Every NFC West team but the Arizona Cardinals could reasonably rank a wide receiver upgrade high on its list of priorities.
2012 WR Rankings
One Seattle fan I heard from through the NFC West mailbag thinks the Seahawks are better than advertised at the position. I'll use the opportunity to take a big-picture look at NFC West teams' production when targeting wide receivers last season.
"I think many fans are misled into believing that we have a weak corps by the fact that the Seahawks are more of a run-dominant team," Brandon from Bremerton, Wash., writes via the mailbag. "Showing the number of targets and the efficiency of catching those targets would be a great measure of how receiving corps are ranked."
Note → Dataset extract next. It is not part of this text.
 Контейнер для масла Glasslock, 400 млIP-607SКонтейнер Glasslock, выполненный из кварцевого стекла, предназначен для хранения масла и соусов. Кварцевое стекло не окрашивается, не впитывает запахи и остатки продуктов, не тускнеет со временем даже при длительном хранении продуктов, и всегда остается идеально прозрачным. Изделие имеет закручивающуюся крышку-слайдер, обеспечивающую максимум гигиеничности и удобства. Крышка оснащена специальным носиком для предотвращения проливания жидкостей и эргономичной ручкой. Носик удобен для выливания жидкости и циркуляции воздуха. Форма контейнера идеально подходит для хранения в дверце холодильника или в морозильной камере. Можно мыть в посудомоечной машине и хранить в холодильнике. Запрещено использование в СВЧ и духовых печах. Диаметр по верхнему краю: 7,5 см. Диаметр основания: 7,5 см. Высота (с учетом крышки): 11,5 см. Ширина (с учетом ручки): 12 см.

We can do that, Brandon. First, though, a few words of warning. Seahawks quarterback Russell Wilson held the ball an NFL-high 3.64 seconds before passing when targeting wide receivers, according to ESPN Stats & Information. That bought time for his receivers to get open, often farther downfield. That helps explain why Wilson's passes to wideouts traveled 13.2 yards past the line of scrimmage on average, fifth-longest in the NFL.
Getting open is easier when the defense must worry about a dominant running back such as Marshawn Lynch and a dynamic scrambler such as Wilson. The way Seattle incorporated read-option wrinkles into the offense stressed defenses further.
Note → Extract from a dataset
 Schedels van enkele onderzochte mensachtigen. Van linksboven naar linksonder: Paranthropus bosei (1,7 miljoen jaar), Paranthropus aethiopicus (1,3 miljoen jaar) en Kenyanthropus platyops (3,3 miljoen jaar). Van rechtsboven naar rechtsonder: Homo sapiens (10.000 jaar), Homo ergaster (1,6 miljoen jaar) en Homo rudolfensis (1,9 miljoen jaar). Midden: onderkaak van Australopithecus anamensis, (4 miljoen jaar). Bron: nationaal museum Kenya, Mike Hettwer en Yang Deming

Seattle ranked 31st in pass targets to wide receivers. That confirms what Brandon said about Seattle being a run-dominant team. But the Seahawks' wide receivers ranked eighth in percentage of targets resulting in completed passes. Seattle's wideouts ranked third in lowest percentage of dropped passes, according to the standard ESPN Stats & Information employs in-game charting. They were also sixth in yards per reception.
The first chart shows where NFC West teams' wide receivers ranked in various categories. Factors beyond the wide receivers come into play. The Cardinals ranked 32nd in expected points added on pass plays targeting wide receivers. I would blame the overall state of their offense, starting at quarterback, more than I would blame the receivers even if the wideouts didn't play as well as anticipated in some cases.
Seattle's efficiency when targeting wide receivers was good, but would it drop appreciably if the Seahawks became more of a throwing team? Or would Wilson continue to maximize the position, getting even more from his receivers as the group worked together more over time? Seattle ranked 19th through Week 7 and fifth thereafter in EPA when targeting wide receivers.
That's a run through some of the statistics. I'd say the Seahawks were better than anticipated at wide receiver. They went from hoping Terrell Owens would catch on to watching Sidney Rice and Golden Tate flourish. Each finished with seven receiving touchdowns. Again, Wilson had a great deal to do with that.
Adding another receiver through the draft would make sense, in my view.
Doug Baldwin has had some injury troubles. Rice had injury problems before last season. Ben Obomanu has been a valuable role player with special-teams ability as well, but he's scheduled to earn $2.3 million in salary for the 2013 season. It's probably time for a younger player to fill that role at lower cost. And if that younger player pushes Tate, Rice or Baldwin for playing time right away, all the better for Seattle.